Öte yandan, Sheffield Üniversitesi'nden Mike Parker Pearson, Stonehenge'in ritüel bir peyzajın parçası olduğunu ve Durrington Duvarları'na ilgili caddeler ve Avon Nehri ile bağlandığını öne sürmüştür. Durrington Walls Henge çevresindeki alanın yaşayanların, Stonehenge'in ise ölülerin mekânı olduğunu öne sürmektedir. Stonehenge'e ulaşmak için Avon boyunca yapılan bir yolculuk, geçmiş ataları ve yakın zamanda ölenleri kutlamak için yaşamdan ölüme ritüel geçişin bir parçasıydı. Her iki açıklama da ilk kez on ikinci yüzyılda, taşların iyileştirici özelliklerini öven ve Stonehenge'in bir mezar anıtı olarak inşa edildiği fikrini ortaya atan Monmouth'lu Geoffrey tarafından dile getirilmiştir. Stonehenge'in merkezinde yer alan dini, mistik ya da ruhani unsurlar ne olursa olsun, Stonehenge'in tasarımı, çağdaş bir din için önemli olan tutulma, gündönümü, ekinoks ve diğer göksel olayların tahmin edilmesine olanak sağlamış olabilecek bir gök gözlemevi işlevi içermektedir.

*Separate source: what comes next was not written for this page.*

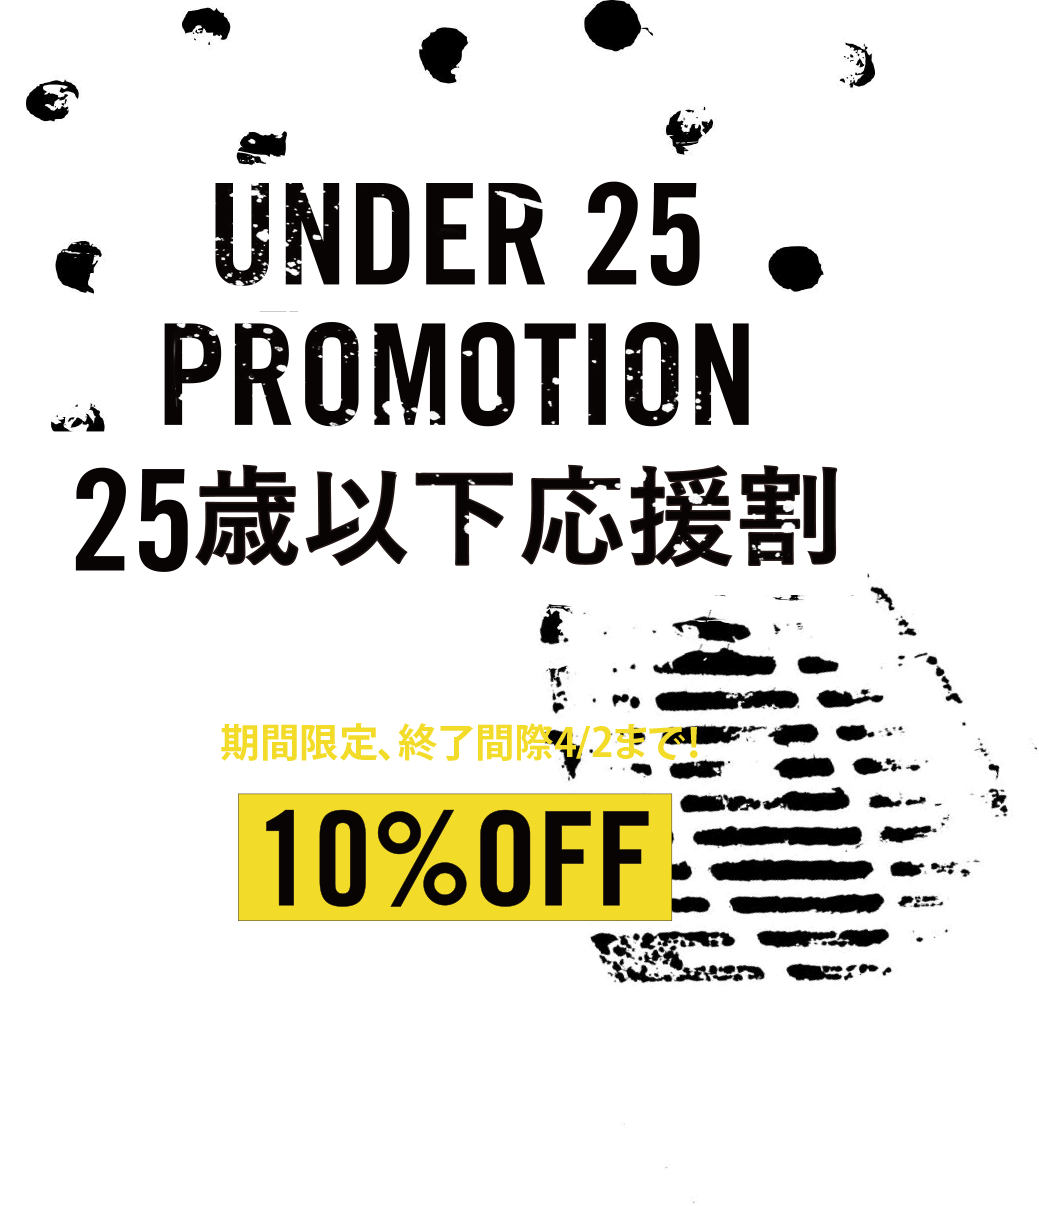 UNDER 25 PROMOTION 期間限定 10%OFF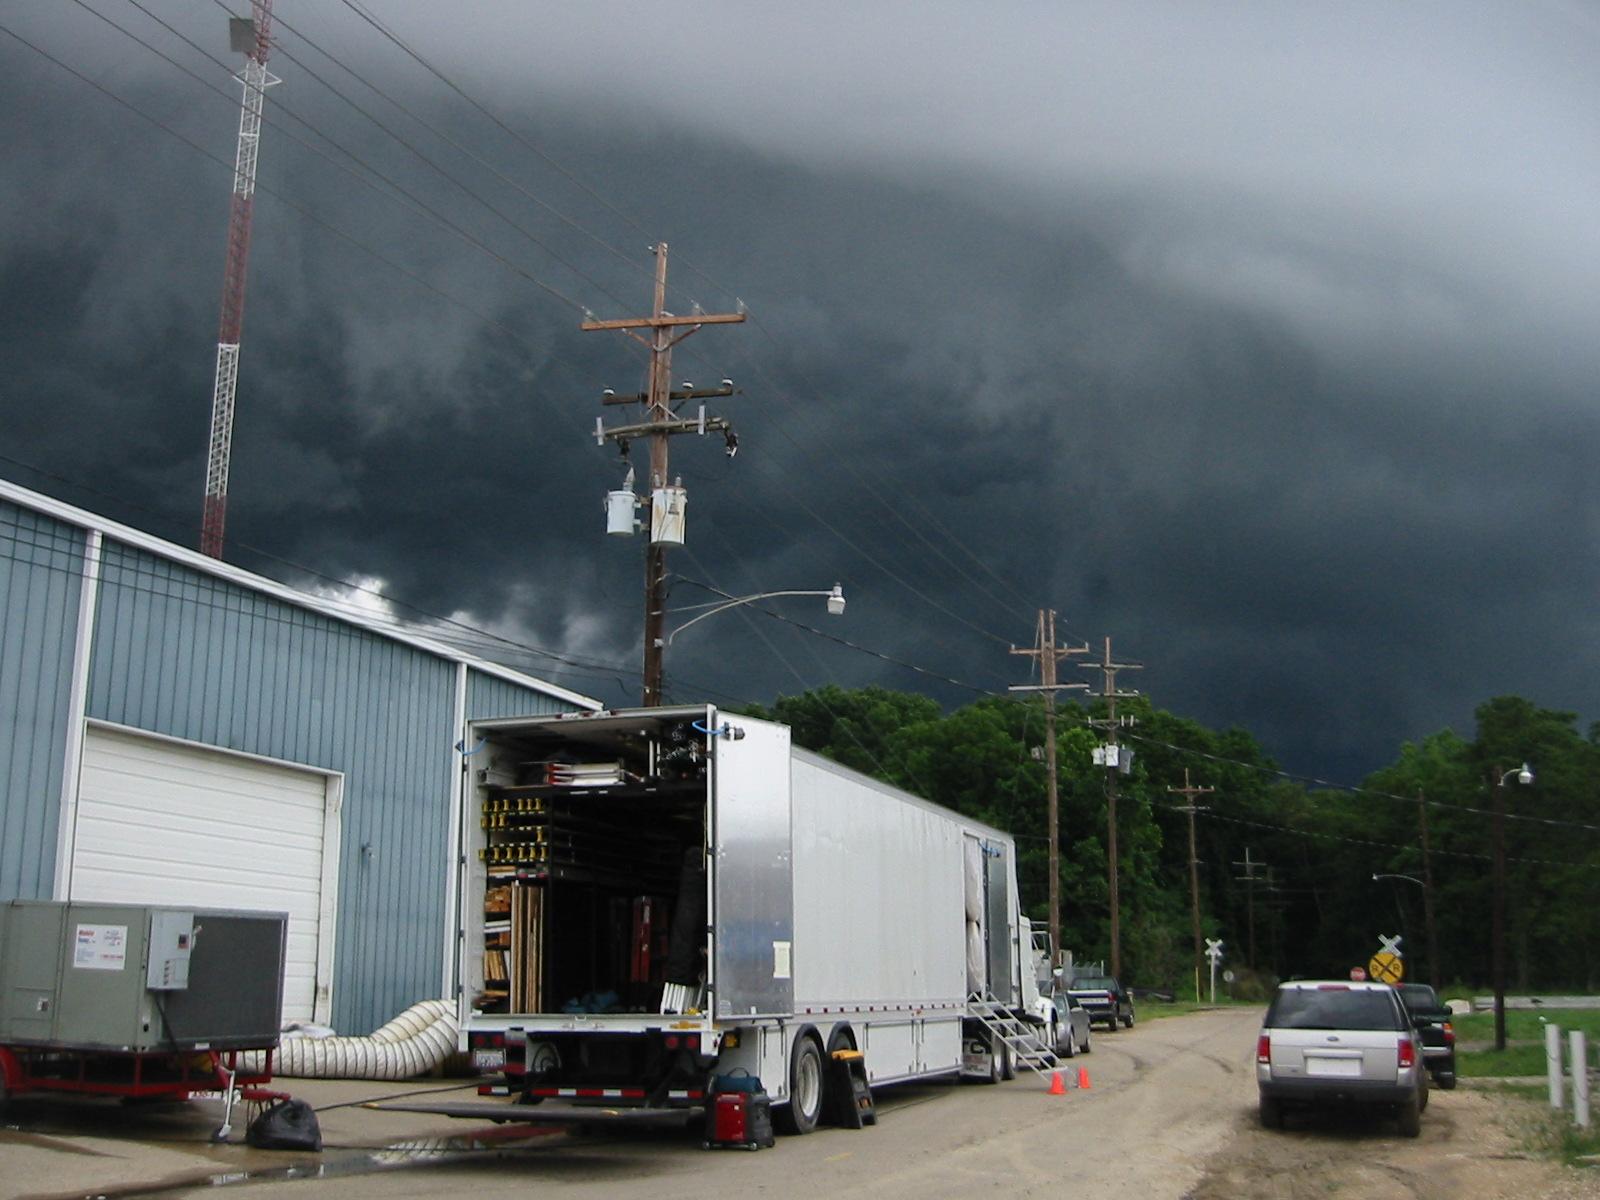 you know you have trouble when clouds look just like this, photo by the Bauman crew

Başka hipotezler ve teoriler de var. Sheffield Üniversitesi'nden Mike Parker Pearson liderliğindeki bir grup İngiliz araştırmacıya göre Stonehenge "barış ve birlik" sembolü olarak inşa edilmiş olabilir; bu da kısmen inşa edildiği dönemde Britanya'nın Neolitik insanlarının bir kültürel birleşme dönemi yaşıyor olmasından kaynaklanmaktadır.

Stonehenge megalitleri arasında daha küçük mavi taşlar ve daha büyük sarsenler (Güney İngiltere'nin tebeşir tepelerinde bulunan silisleşmiş kumtaşı kayaları için kullanılan bir terim) bulunmaktadır. Mavi taşlar dolerit, tüf, riyolit ya da kumtaşından oluşmaktadır. Magmatik mavi taşlar, anıttan yaklaşık 140 mil (230 km) uzaklıktaki güneybatı Galler'in Preseli tepelerinde ortaya çıkmış gibi görünmektedir. Kumtaşı Sunak Taşı ise Galler'in doğusunda ortaya çıkmış olabilir. Yakın zamanda yapılan analizler, sarsenlerin anıttan yaklaşık 16 mil (26 km) uzaklıktaki West Woods'tan geldiğini göstermiştir.

Londra'daki Royal College of Art'tan araştırmacılar, anıtın magmatik mavi taşlarının "olağandışı akustik özelliklere" sahip olduğunu keşfettiler - vurulduklarında "yüksek bir çınlama sesi" ile tepki veriyorlar. Presili'nin Carn Melyn sırtında bu tür akustik özelliklere sahip kayalara sıkça rastlanmaktadır; Presili köyü Maenclochog (Galce'de çan veya zil taşı anlamına gelmektedir), 18. yüzyıla kadar yerel mavi taşları kilise çanı olarak kullanmıştır. Ekibe göre, bu akustik özellikler, o dönemde büyük bir teknik başarı olan bazı mavi taşların neden bu kadar uzun mesafelere taşındığını açıklayabilir. Bazı eski kültürlerde, litofonik kayalar olarak bilinen çınlayan kayaların mistik veya iyileştirici güçler içerdiğine inanılırdı ve Stonehenge'in ritüellerle ilişkili bir geçmişi vardır. Bu "çınlayan kayaların" varlığı, araştırmacılara danışmanlık yapan Darvill tarafından ortaya atılan Stonehenge'in bir "şifa yeri" olduğu hipotezini destekliyor gibi görünüyor.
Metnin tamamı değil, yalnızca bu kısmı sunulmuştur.